Take into consideration Africa, a continent that commands 54 of the 209 votes and one that has been faithfully loyal to Blatter for over 20 years. Their loyalty was not necessarily bought using bribe money but instead by promises made by Blatter to invest in football in Africa, promises that he has faithfully kept. He helped develop grassroots football in impoverished countries as well as bring the continent its first World Cup, held in South Africa in 2010. Reports from journalists inside Ghana have reported that the African delegates are keen to vote in someone who shares the same philosophies and ideals as Blatter to ensure that Africa does not get left behind as it has been in the past. Rightly they want to ensure that the FIFA monies continue to flow into Africa so that development can continue. Any potential successor would be wise to build his or her manifesto with this in mind as the African votes could be a major decider in who is to follow Blatter in the presidents chair.
Replacing Blatter and putting FIFA back on the right tracks will not be an easy task. Like a foul odour that has ingrained itself into the furniture, ridding FIFA of Blatter’s legacy will be a tough challenge. It will take years, not months to fully get FIFA back on the straight and narrow and potentially longer to reinstall faith in the troubled organization. The arrests made last week were merely the tip of a very large iceberg with further arrests likely in the coming weeks and months. To date the investigation stretches back to the early nineties but could go back further to the early seventies when Blatter’s predecessor Joao Havelange was in power.
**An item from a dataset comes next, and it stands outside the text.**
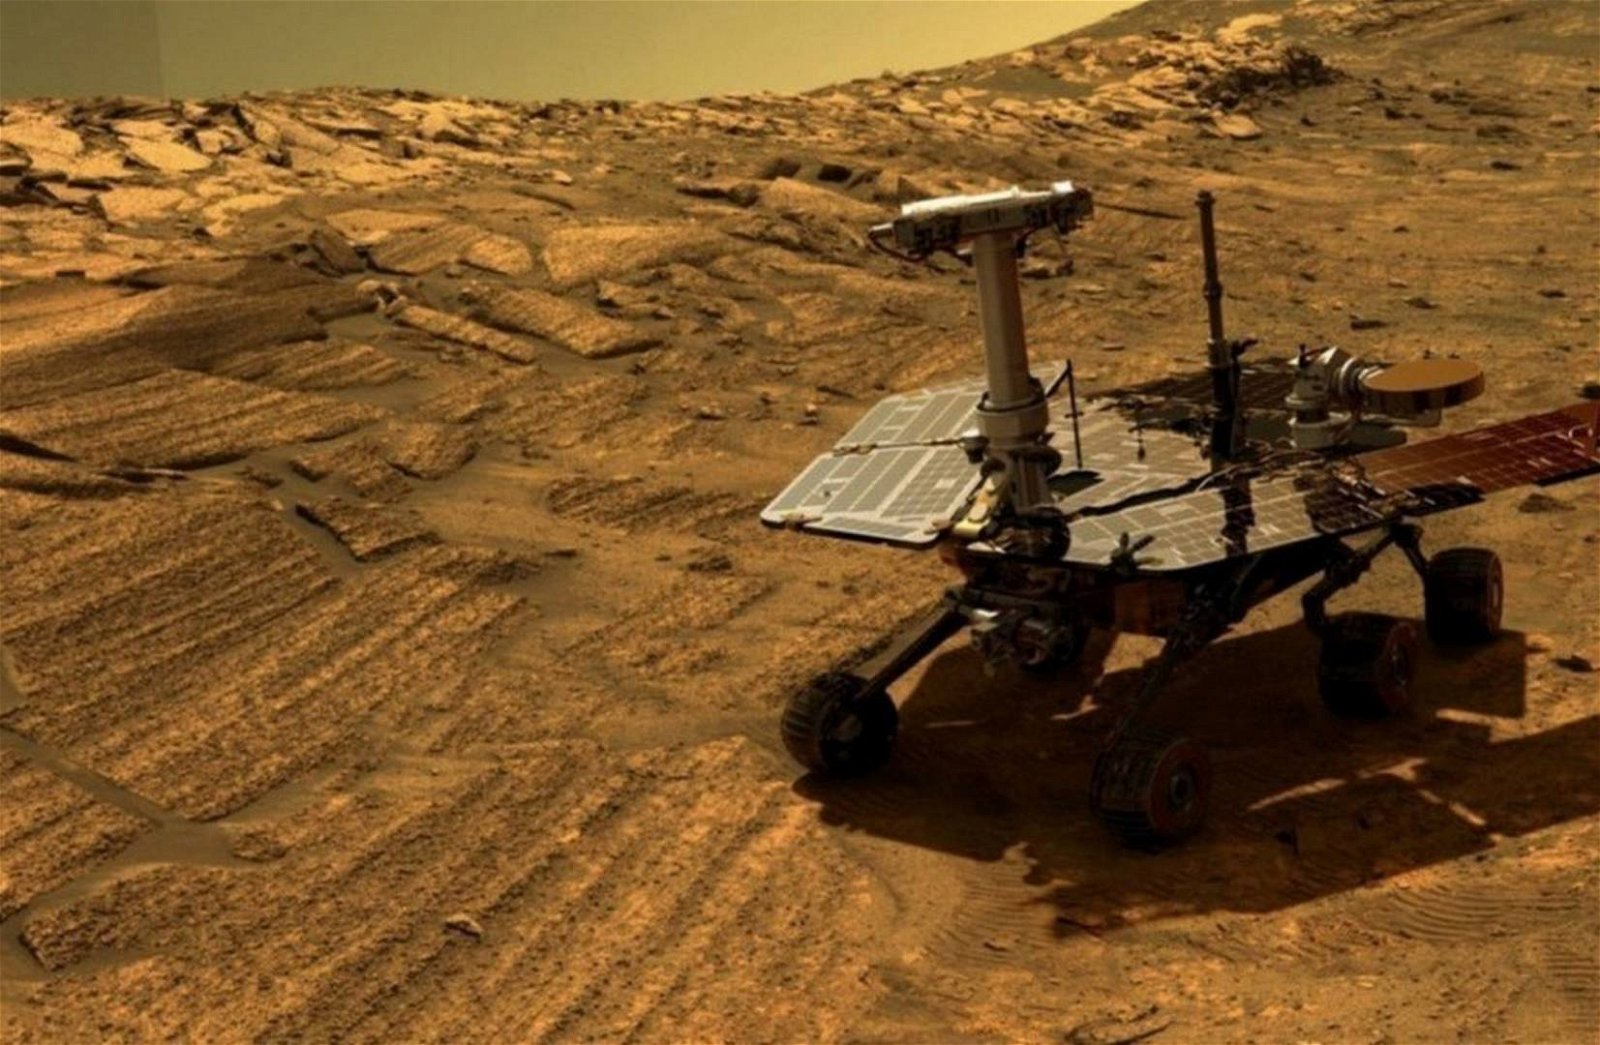 Immagine di La NASA dichiara morto il rover Opportunity, è stata una missione sensazionale
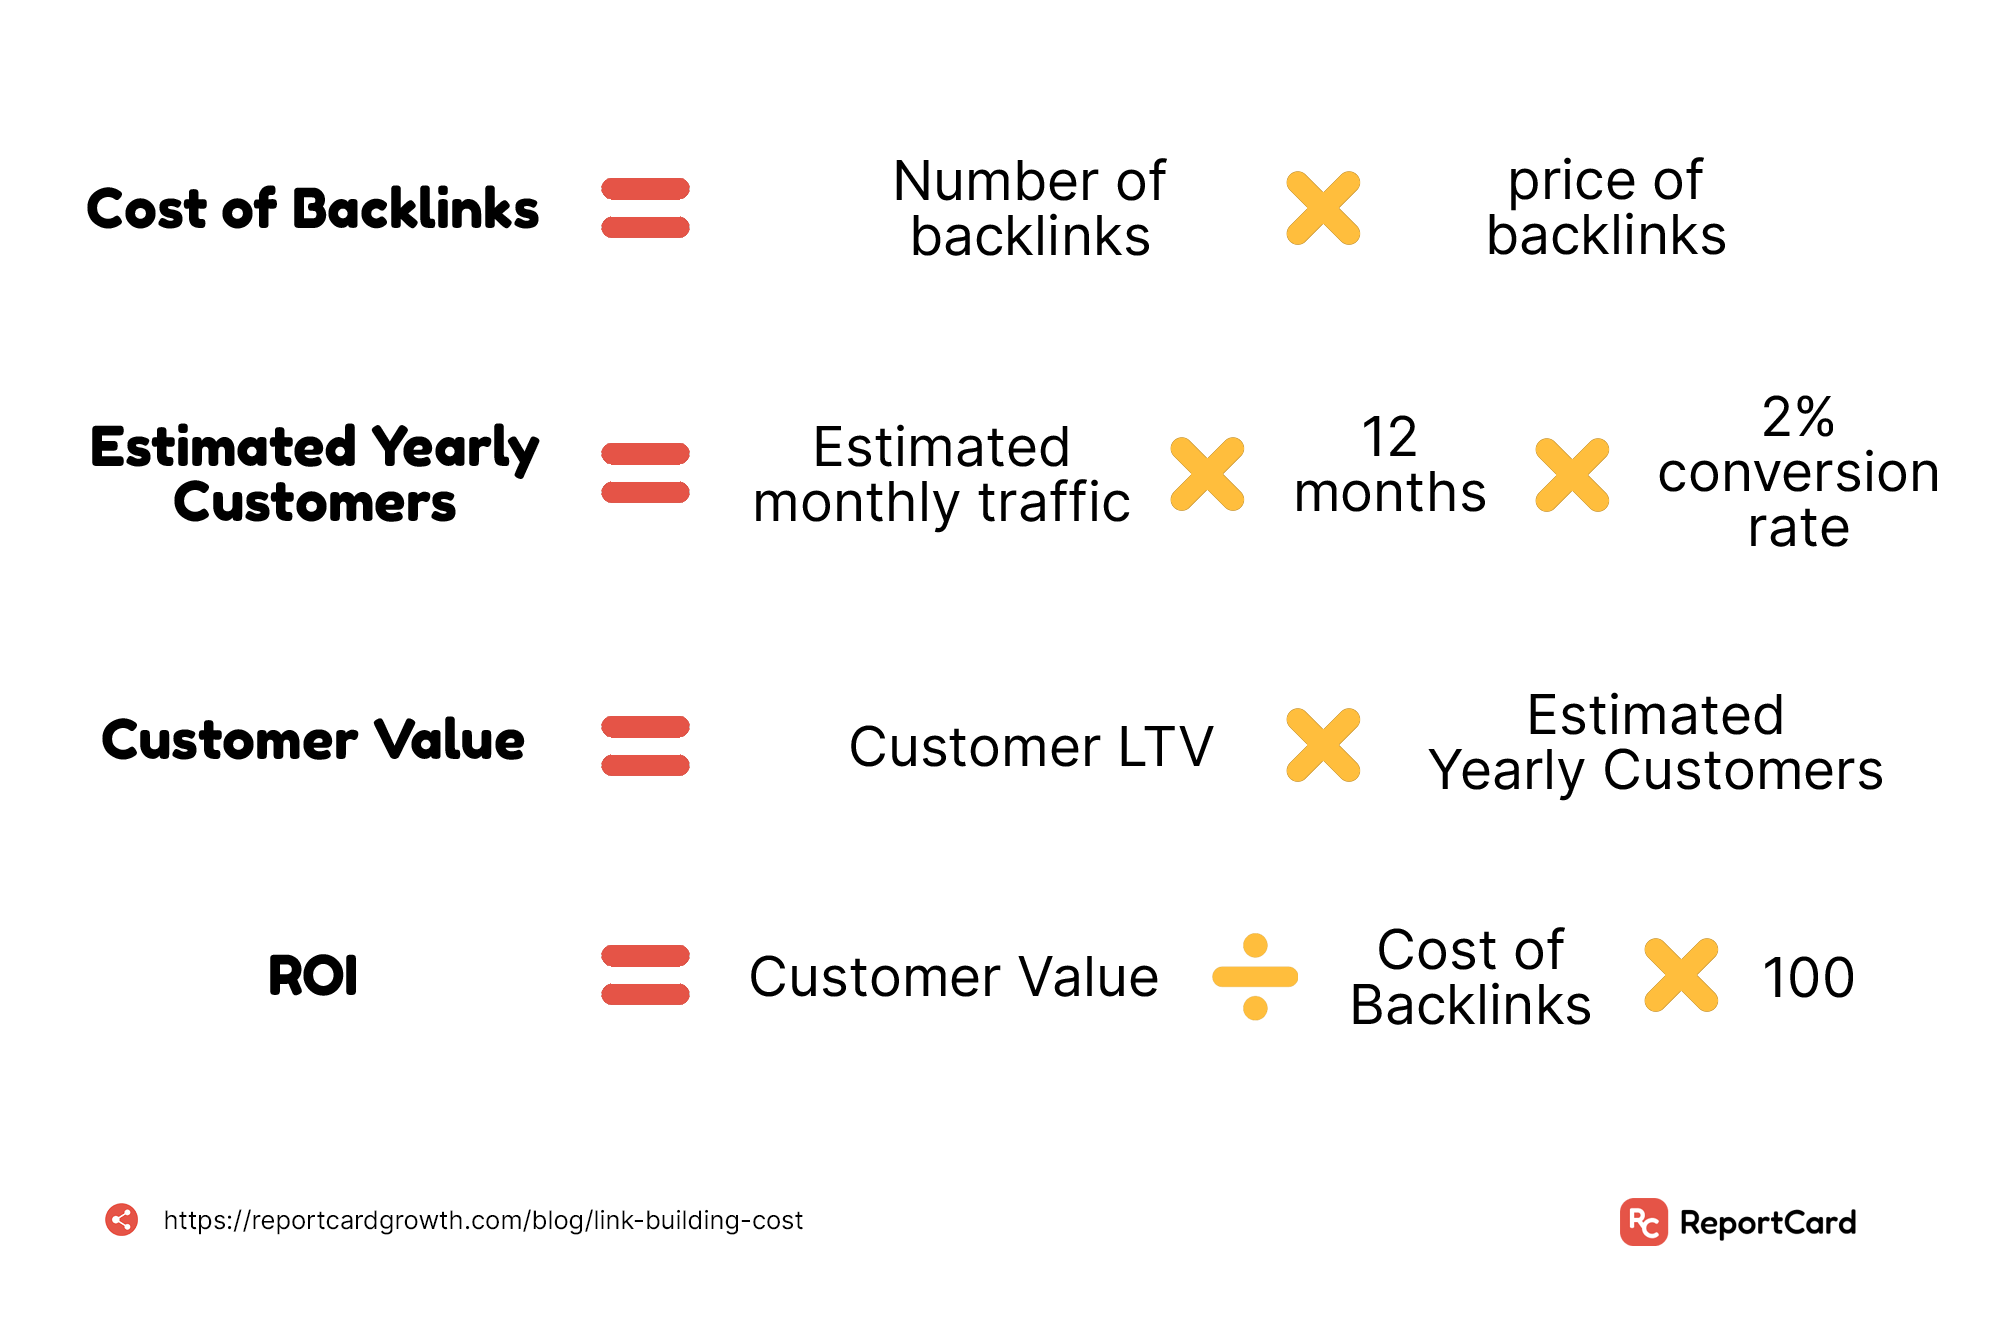 Should You Buy Backlinks or Not?

Blatter learned much from the Brazilian during his early years at FIFA and was influenced heavily by him. It’s not hard to assume that some of FIFA’s illegal practices were already in place when Blatter took control so he may not be fully responsible for this. However as president for the last 17 years, it was Blatter who was ultimately responsible for the continuation and development of these illegal practices. His resignation may spell an end to them or it may just be the beginning of a new chapter in FIFA’s long lasting corruption story.